DevOps Observability and lessons for Data Quality
This is a preliminary draft - see avaitla16.com/how-i-write
What's old is new again. I've been spending some time in the data quality space and have been thinking about how much of it reminds me of approaches taken by devops teams in the past ten years or so, just with different names. These notes were inspired by a brief conversation I had with linkedin.com/in/kevinzenghu
Let's begin with a common devops architecture that exists:
You have a website which calls an origin service that calls other services that work in conjunction to fulfill the request. The goals of the ops teams are to ensure this operation works quickly, reliably (minimize downtime), and when things do break we are alerted to them and have the tools to effectively resolve them.
There's a good philosophical guide here that has been the most helpful material I have found summarizing some operational best practices here: docs.google.com/document/d/199PqyG3UsyXlwie..
Now back to the topic of data quality. We want to know that our dashboards work reliably and when things do break we are able to quickly resolve them.
The first matter is alerting when something is wrong. Alerts can frequently go awry and become spammy noise. This problem is also encountered by ops and as recommended in the above guide - you want to be monitoring symptoms not sources. This means monitor the fact the website went down not that the database crashed. Certainly you could monitor both but there are hundreds of reasons the website could go down in a service mesh - so get the most bang for your buck by monitoring the site itself. As a caveat always monitor disk usage on the database.
Now extend this to data quality. The most important things are the end user reports. Monitor the marts themselves first before the stg tables. In particular there are some basic items to watch. In devops space you monitor # of 500 errors, latency, and throughput (more false positive). In data quality land you monitor freshness, volume, schema, distribution, in addition to custom business specific metrics.
Now suppose that an incident has happened and we need alerts. The site is down and we'd like to know what the root cause is. The best tool in ops land that exists today is probably distributed tracing. So rather than scatter brained asking hundreds of different services and starting to panic, a tracing solution can tell you which service is slowed down or facing an outage, so you can systematically root cause and focus your efforts in the right subsystem.
Then you break out very specialized debugging tools like gdb, os monitors, etc - oh there are a lot of tools, start with Brendan Greggs work as a starting point: brendangregg.com/overview.html
Now extend this to data quality. Lineage is crucial to doing the same thing and accelerating TTR (time to resolution of outage). It can help pinpoint what is broken (which upstream models were the source of the breakage) and the impact to the organization (which downstream reports consume this data and who uses them). The special tools (which are still in their infancy and I expect will continue to develop), are mostly running raw sql and viewing diffs side by side in addition to reviewing developer code changes and releases.
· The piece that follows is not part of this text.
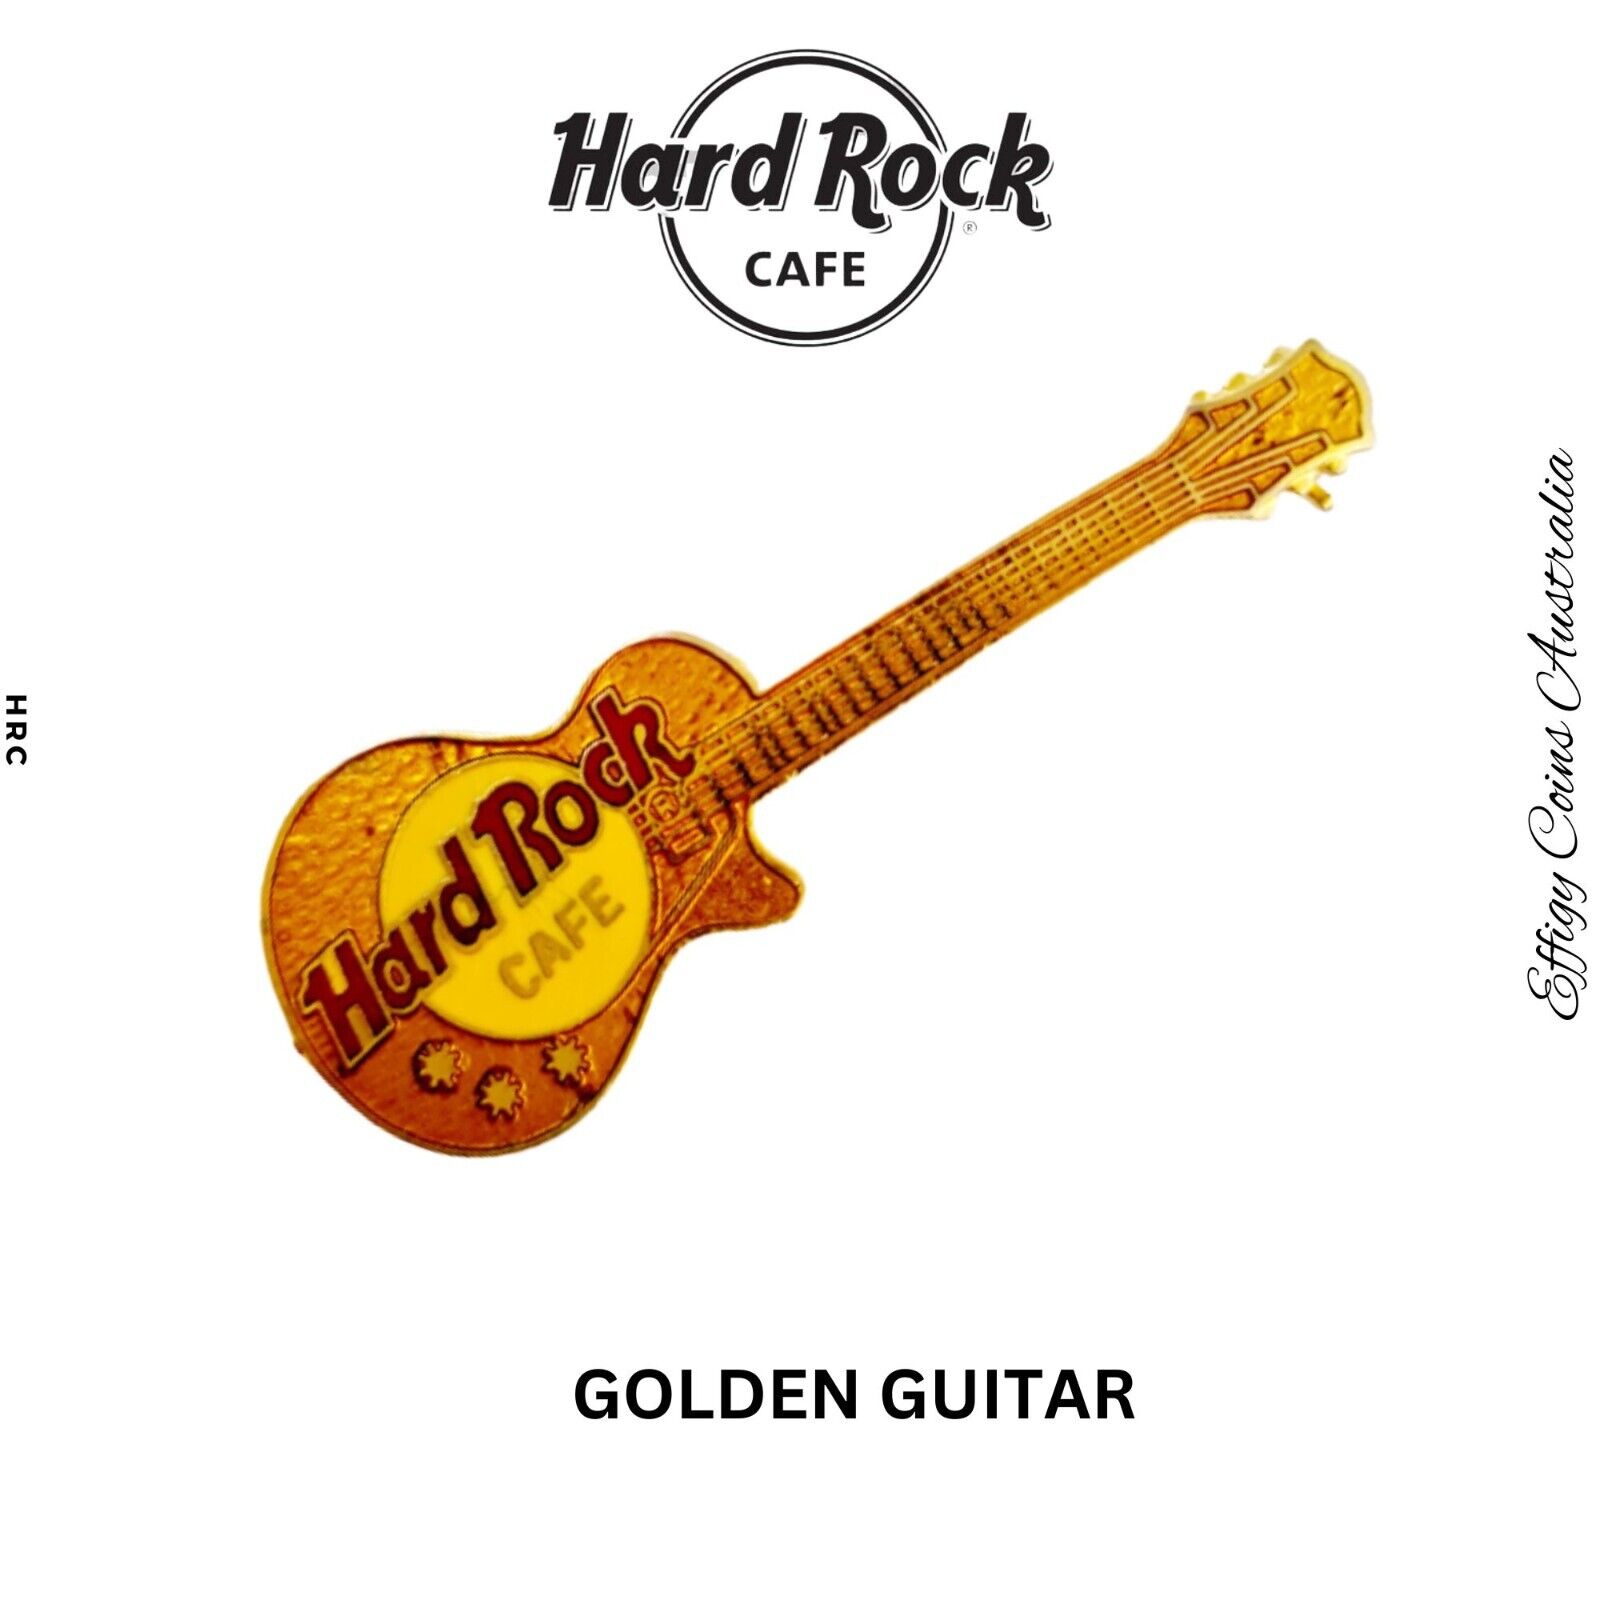 Hard Rock Cafe Pin HRC Golden Guitar Music Pin Collectible Metal Clasp/Pin Rare

See more here on how this works in practice: avaitla16.com/column-level-lineage-and-impl...
So far we've mostly been talking about reactionary approaches, however a proactive one is often times far better - an ounce of prevention is worth a pound of cure.
This exists in the form of unit / integration, code review, qa testing. Most of this in software development can be done automatically, however theres still a good need of manual effort when it comes to visual ui testing or mobile device testing.
In the data quality space this feels quite rudimentary as the state of things is view a dashboard pointing to qa data and one pointing to prod data and spot check manual diffs (does this graph look different than that one?). It's quite interesting to see how datafold.com has begun to take a more rigorous approach to data quality "testing" by automatically running and automatically checking data diffs before code even gets merged in so you could see the impact much more comprehensively and exhaustively than what could ever be done manually.
Generally the process we've arrived at for data quality issues follows the format:
How to investigate data quality issues:
First start by creating an alert for a data quality issue.
When making the alert does it have the right steps to investigate the issue so when it fails the on call knows what to do?
When the test fails do the docs it was created with still make sense / can they be updated if the investigation is unique?
Is there a process for showing operators the bad data (in an internal tool) so they can triage it?
If it's a false positive, how can we improve the test to be less flaky?
Do operators have the right data in their ui to be able to get full context or do we have to dig into the database every time?
Is there a way for operators to fix the bad data - have we notified them of it?
Is there a root cause for what happened to fix it from happening again?
Are regression tests now in place?
May the queries flow, and your pagers be quiet.